1972 Portuguese Guinea National Assembly election
- 91 of 120 seats of the National Assembly 61 seats needed for a majority
- This lists parties that won seats. See the complete results below.
| Party |  | Leader | Vote % | Seats | +/– |
|  | PAIGC | Amílcar Cabral | 96.97 | 91 | New |
- Results by region

= 1972 Portuguese Guinea National Assembly election =

Indirect elections to a National Assembly were held in the parts of Portuguese Guinea held by the rebel African Party for the Independence of Guinea and Cape Verde (PAIGC) between August and October 1972, but not in the Portuguese-controlled areas of Bissau, Bolama, the Bijagós Islands and Bafatá.

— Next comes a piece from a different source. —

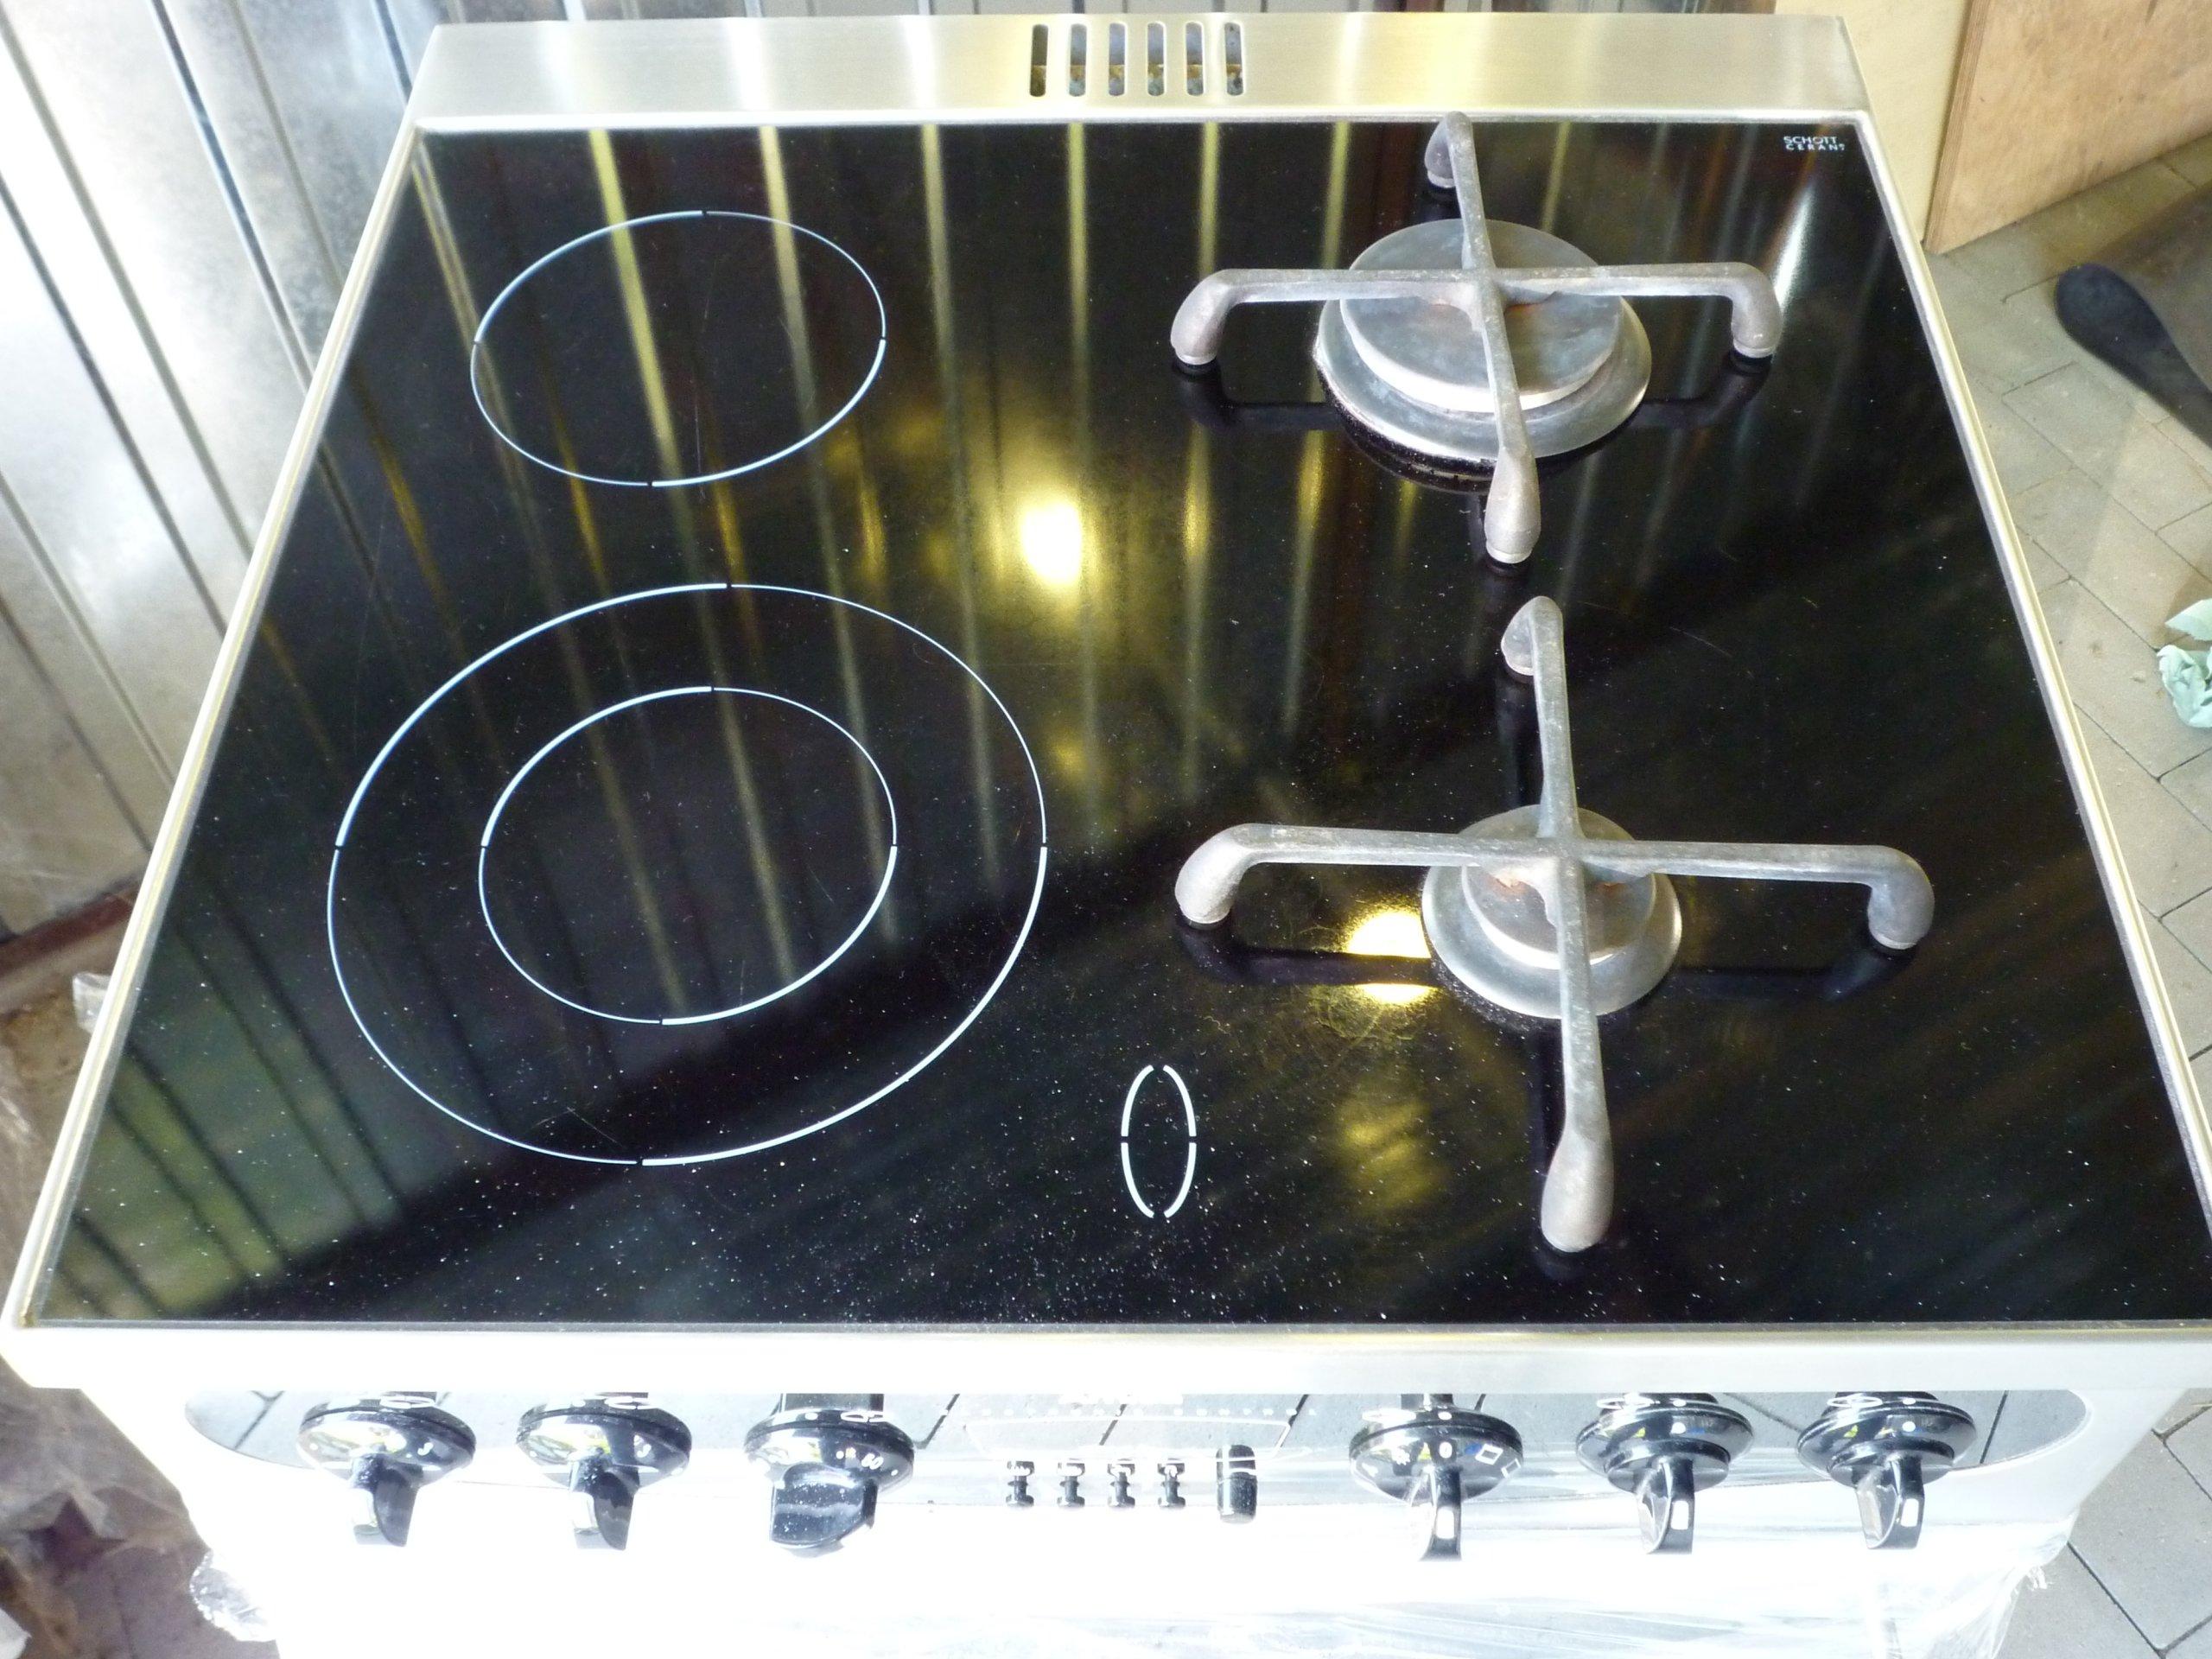 Kuchnia Elektryczno Gazowa Amica 60 Cm 6988422407 Oficjalne

A single list of PAIGC candidates for Regional Councils was approved by 97% of voters with a 93.4% turnout. The number of people voting was approximately 32% of the voting-age population.

==Electoral system==
Voters elected 273 members of 11 regional councils. The elected councillors then convened to elect 91 members of the 120-seat National Assembly. The remaining 29 seats were to represent the four regions still under Portuguese control, and these members were chosen by the PAIGC.

The elections took six weeks, with ballot papers carried around the country on foot. The ballot papers had been printed in neighbouring Guinea.

==Results==

| Party |  | Votes | % | Seats |
|  | African Party for the Independence of Guinea and Cape Verde | 75,163 | 96.97 | 120 |
| Against |  | 2,352 | 3.03 | – |
| Total |  | 77,515 | 100.00 | 120 |
| Registered voters/turnout |  | 83,000 | – |  |
Source: Nohlen et al.

==Aftermath==
The new National Assembly met for the first time in Boe on 24 September 1973.